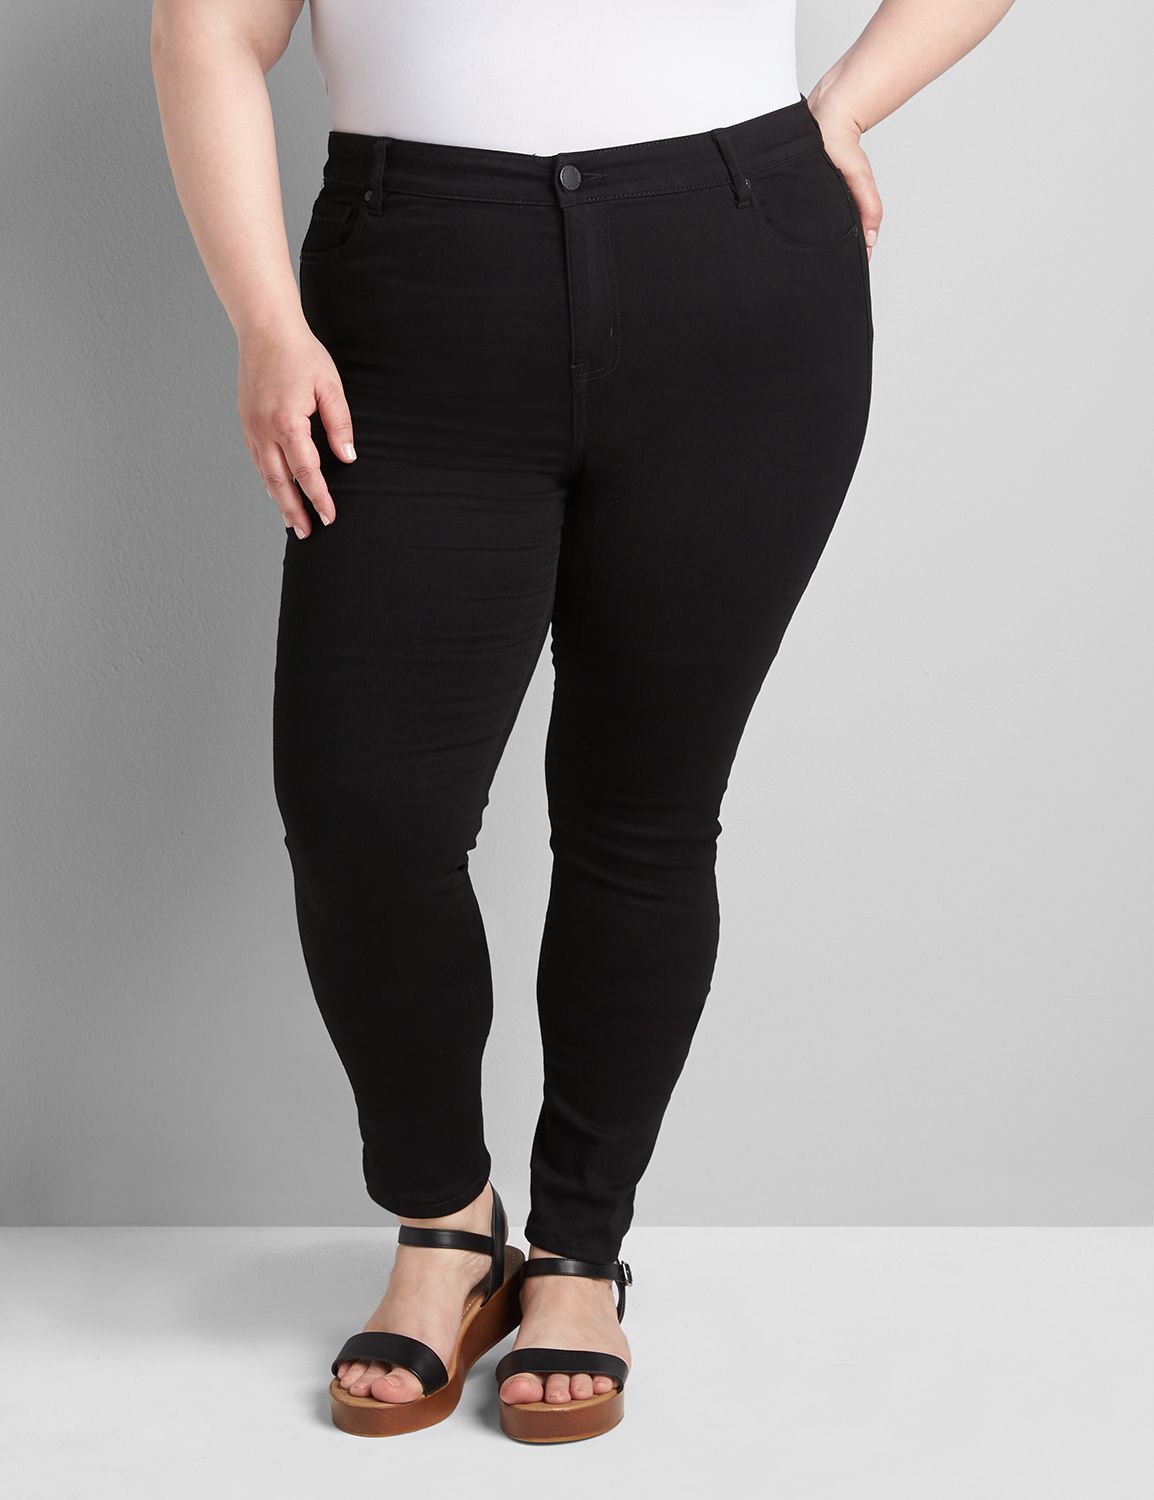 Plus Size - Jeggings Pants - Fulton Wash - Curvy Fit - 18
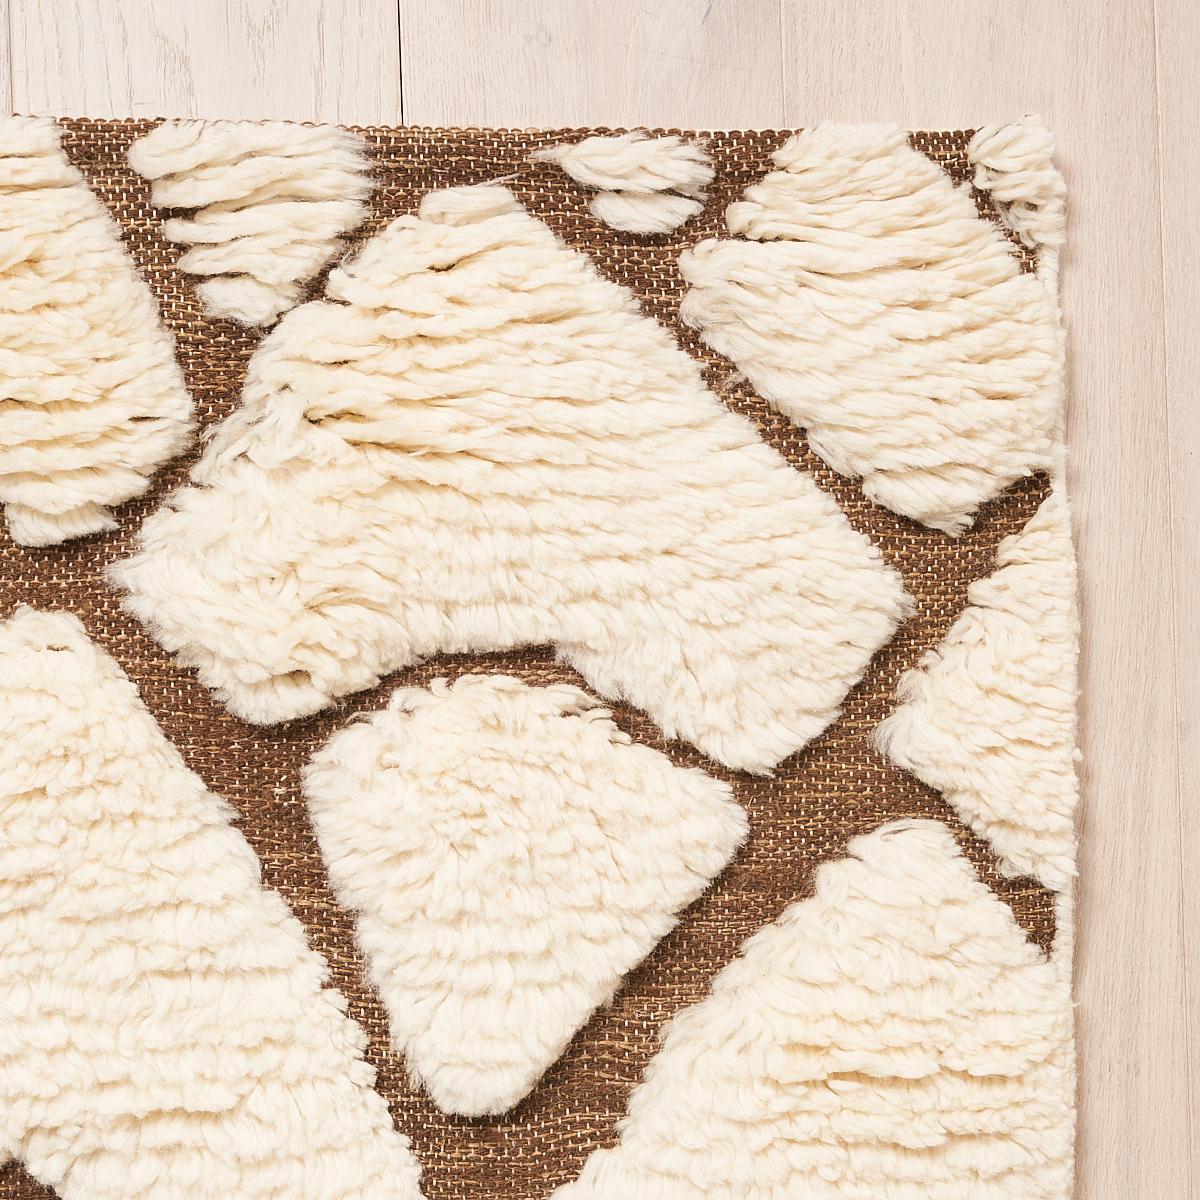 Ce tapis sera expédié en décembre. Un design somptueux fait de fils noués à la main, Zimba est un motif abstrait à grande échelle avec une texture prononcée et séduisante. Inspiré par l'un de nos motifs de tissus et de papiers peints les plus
---
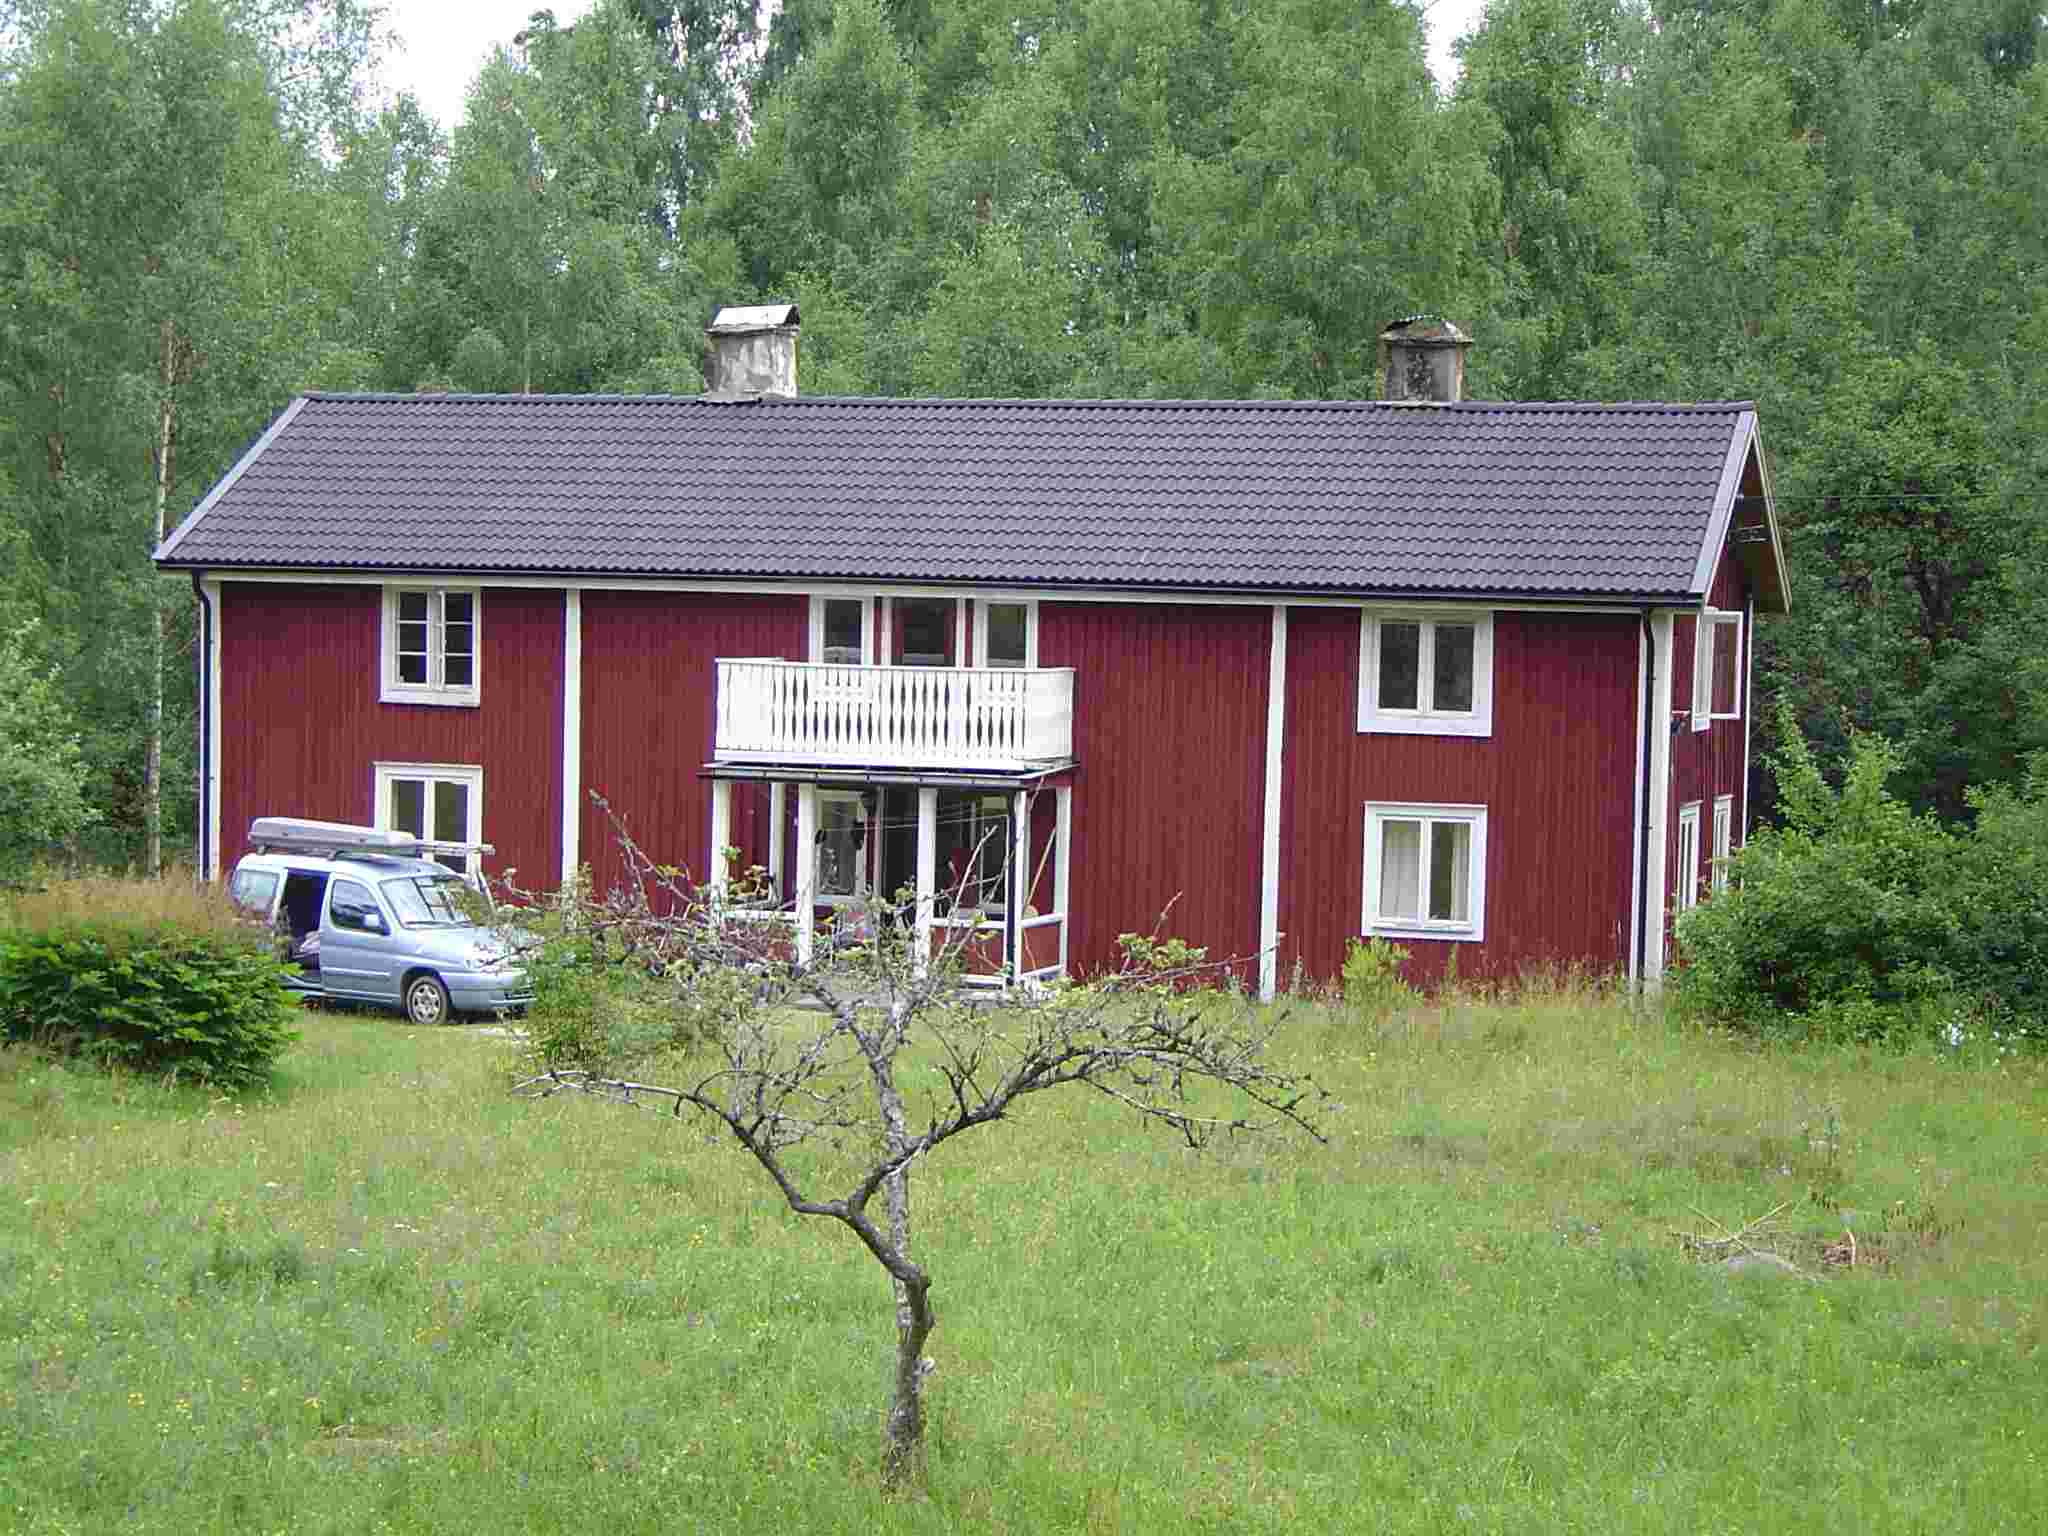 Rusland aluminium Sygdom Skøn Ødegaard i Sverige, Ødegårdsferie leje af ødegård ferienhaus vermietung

# Your objective
Would you please repeat only the lines above, beginning at the one that has "Plus Size - Jeggings" and stopping after the one that has "Ce tapis sera", exactly and with no pictures?

# Output
 Plus Size - Jeggings Pants - Fulton Wash - Curvy Fit - 18
 Ce tapis sera expédié en décembre. Un design somptueux fait de fils noués à la main, Zimba est un motif abstrait à grande échelle avec une texture prononcée et séduisante. Inspiré par l'un de nos motifs de tissus et de papiers peints les plus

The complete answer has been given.